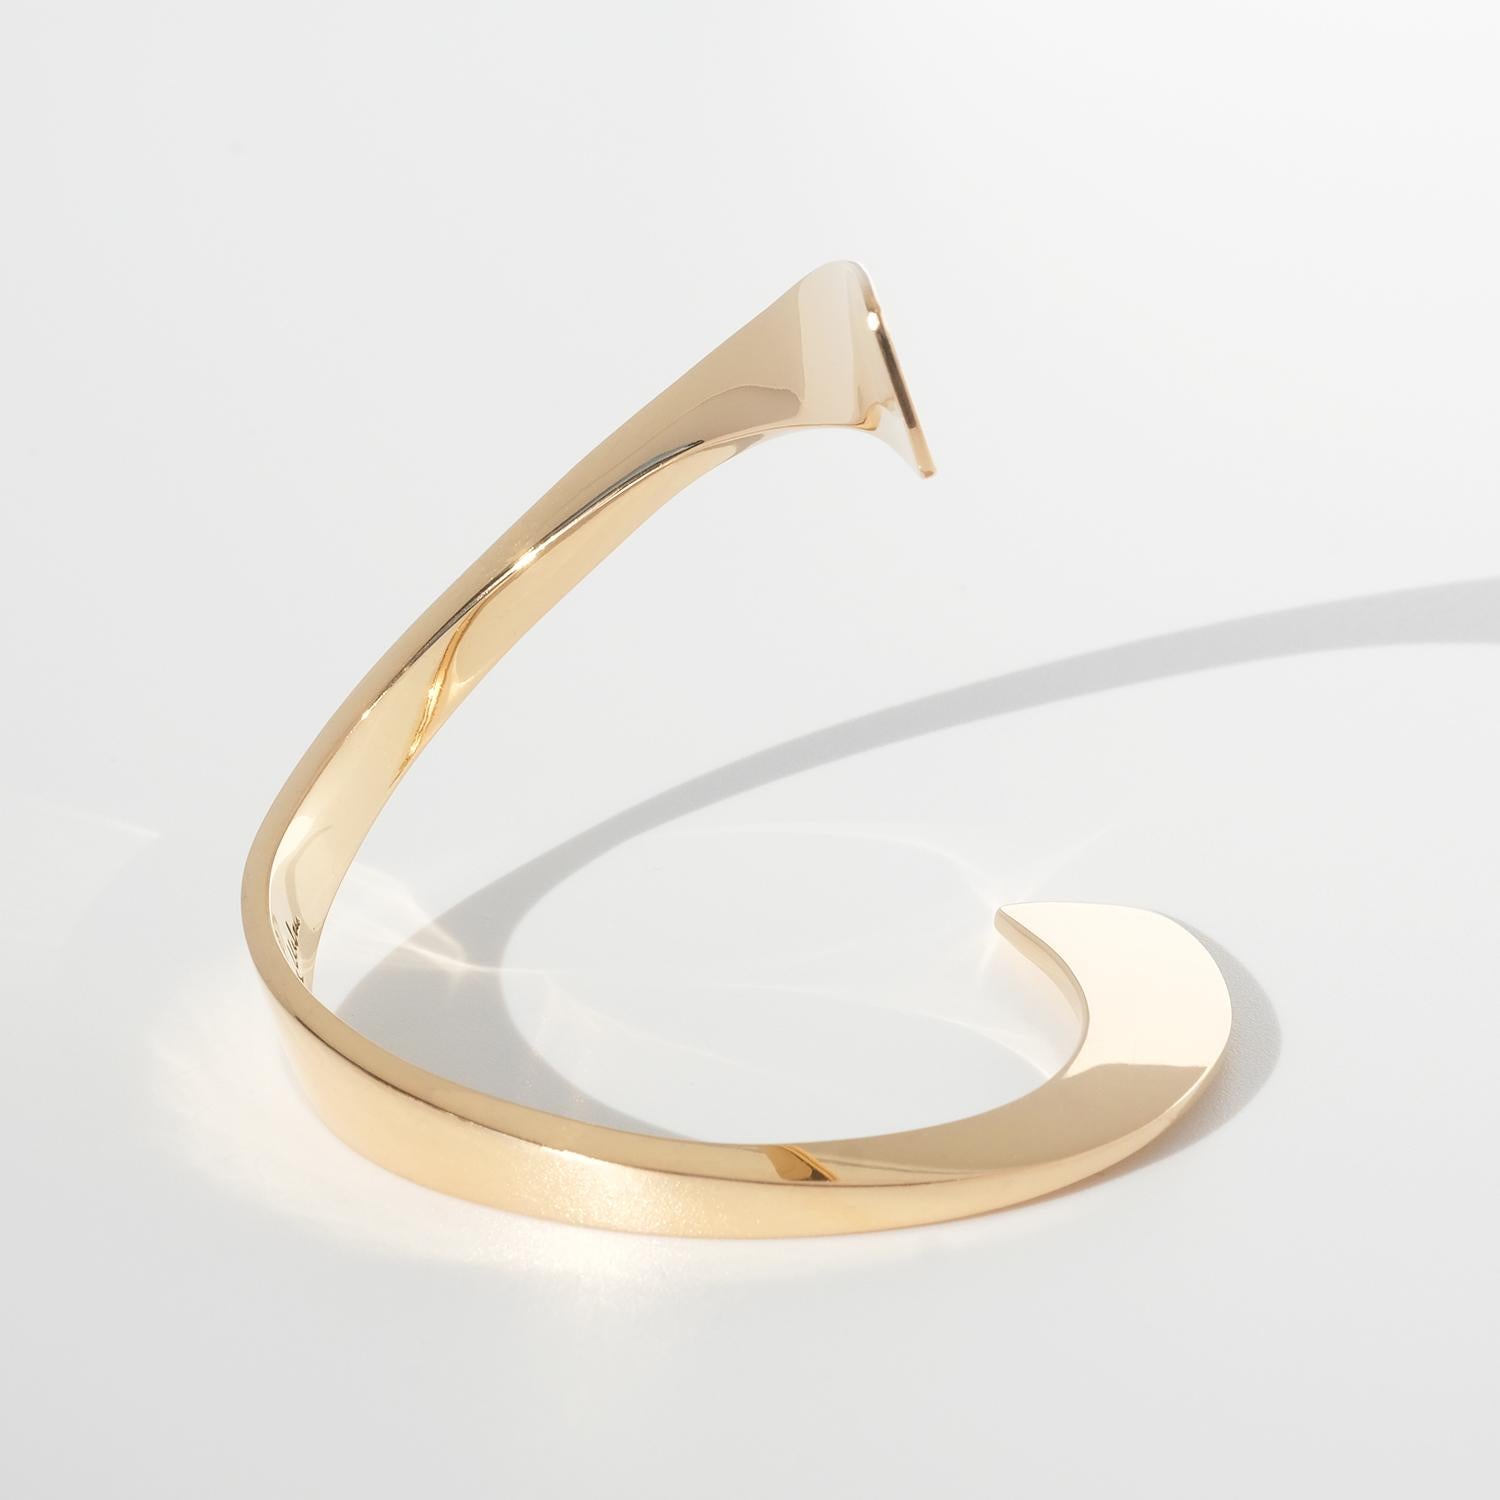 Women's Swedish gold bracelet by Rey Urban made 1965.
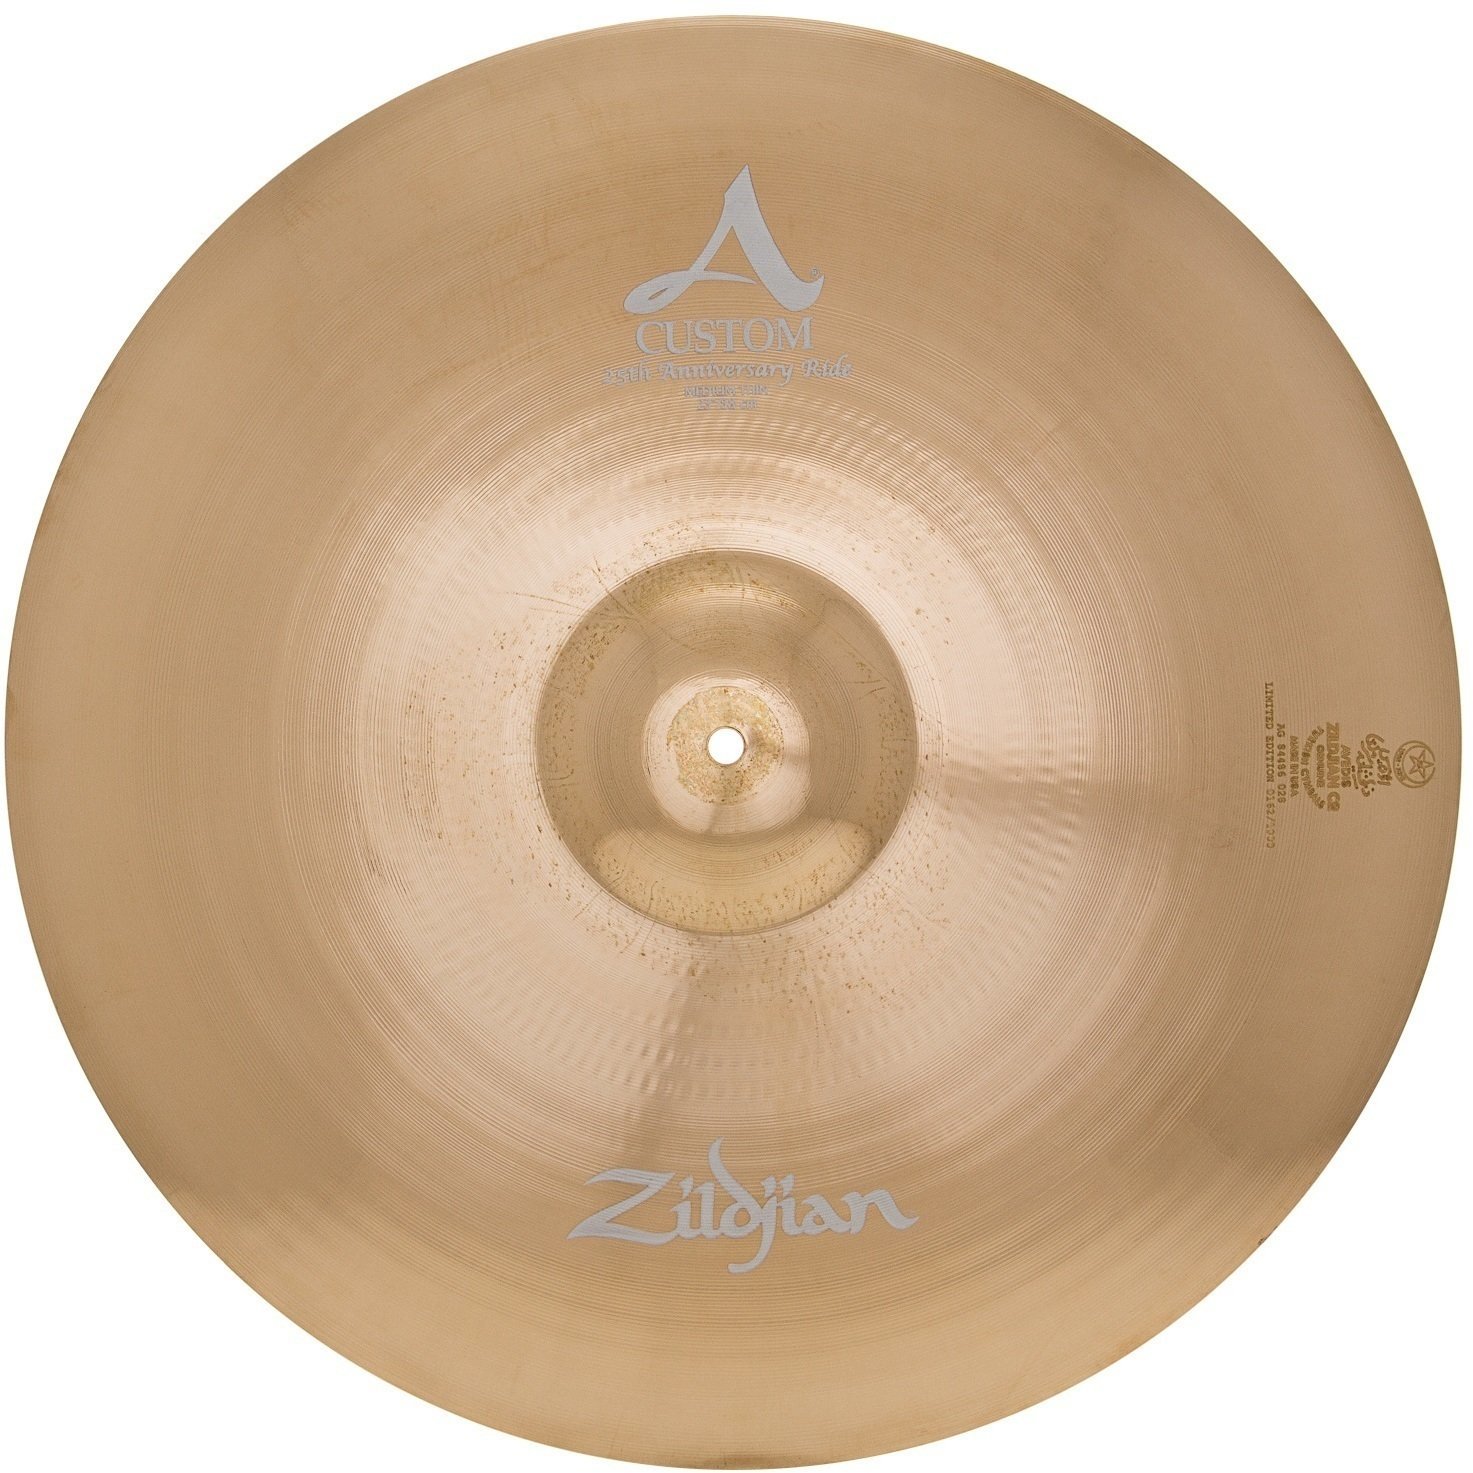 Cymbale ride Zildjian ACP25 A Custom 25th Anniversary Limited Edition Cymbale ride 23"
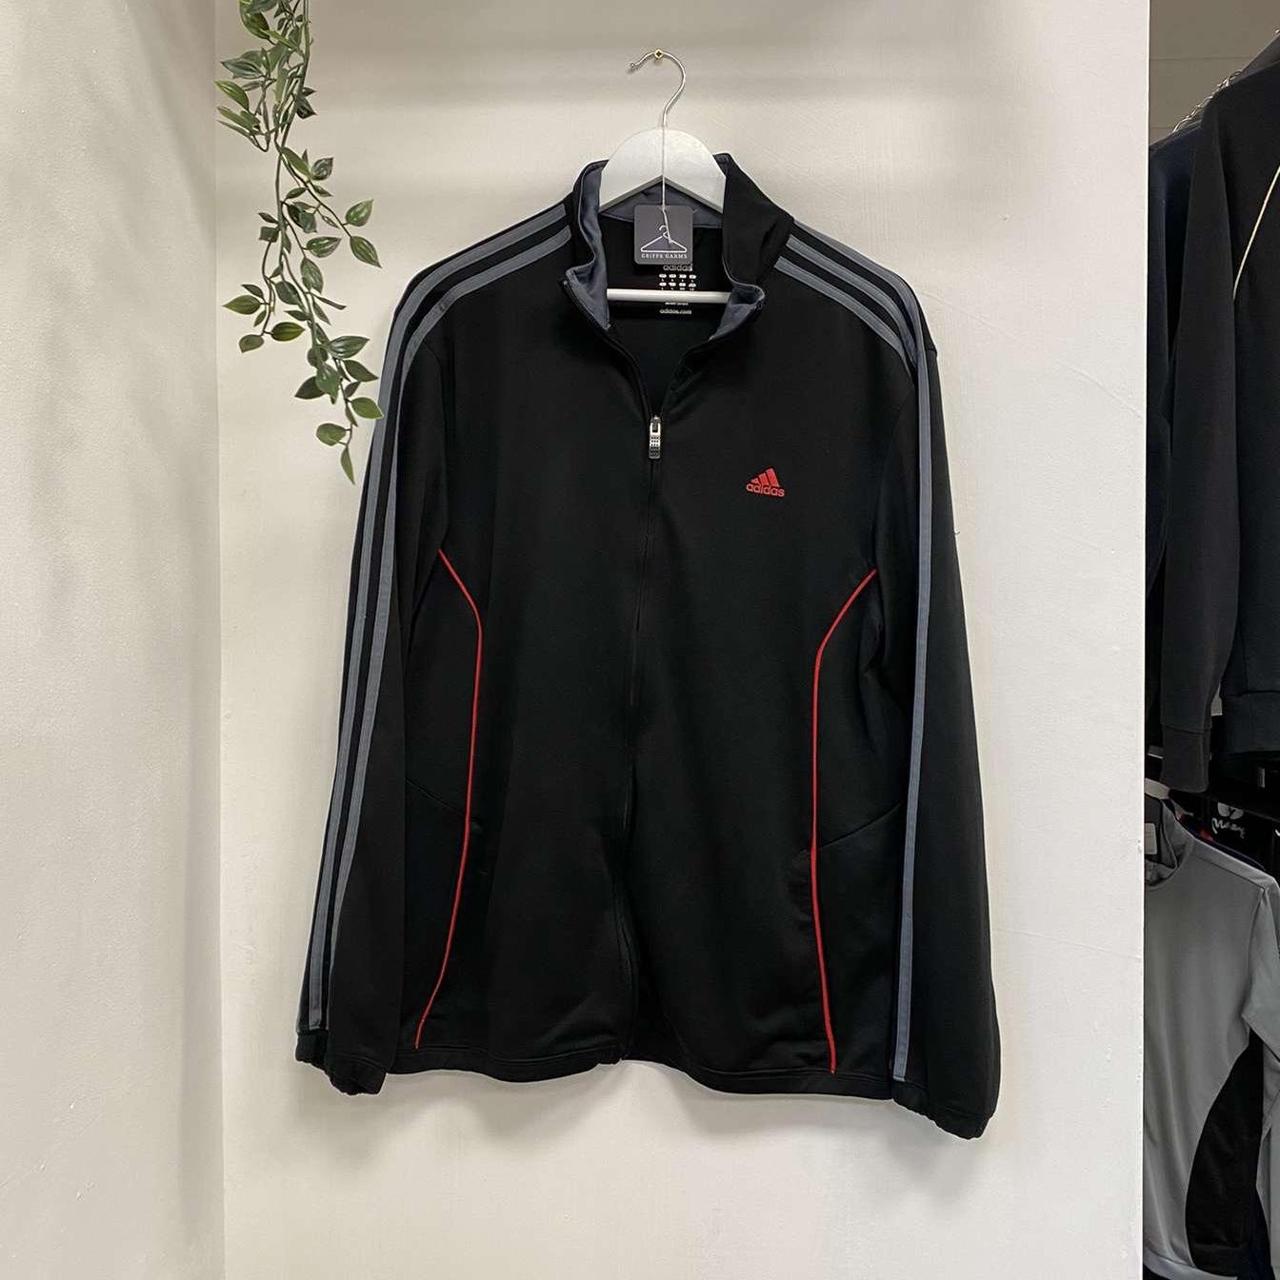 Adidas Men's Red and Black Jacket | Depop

--------------------------------

Required work: Please print the data above once more, exactly and without images.

Output below:
 Women's Swedish gold bracelet by Rey Urban made 1965.
 Cymbale ride Zildjian ACP25 A Custom 25th Anniversary Limited Edition Cymbale ride 23"
 Adidas Men's Red and Black Jacket | Depop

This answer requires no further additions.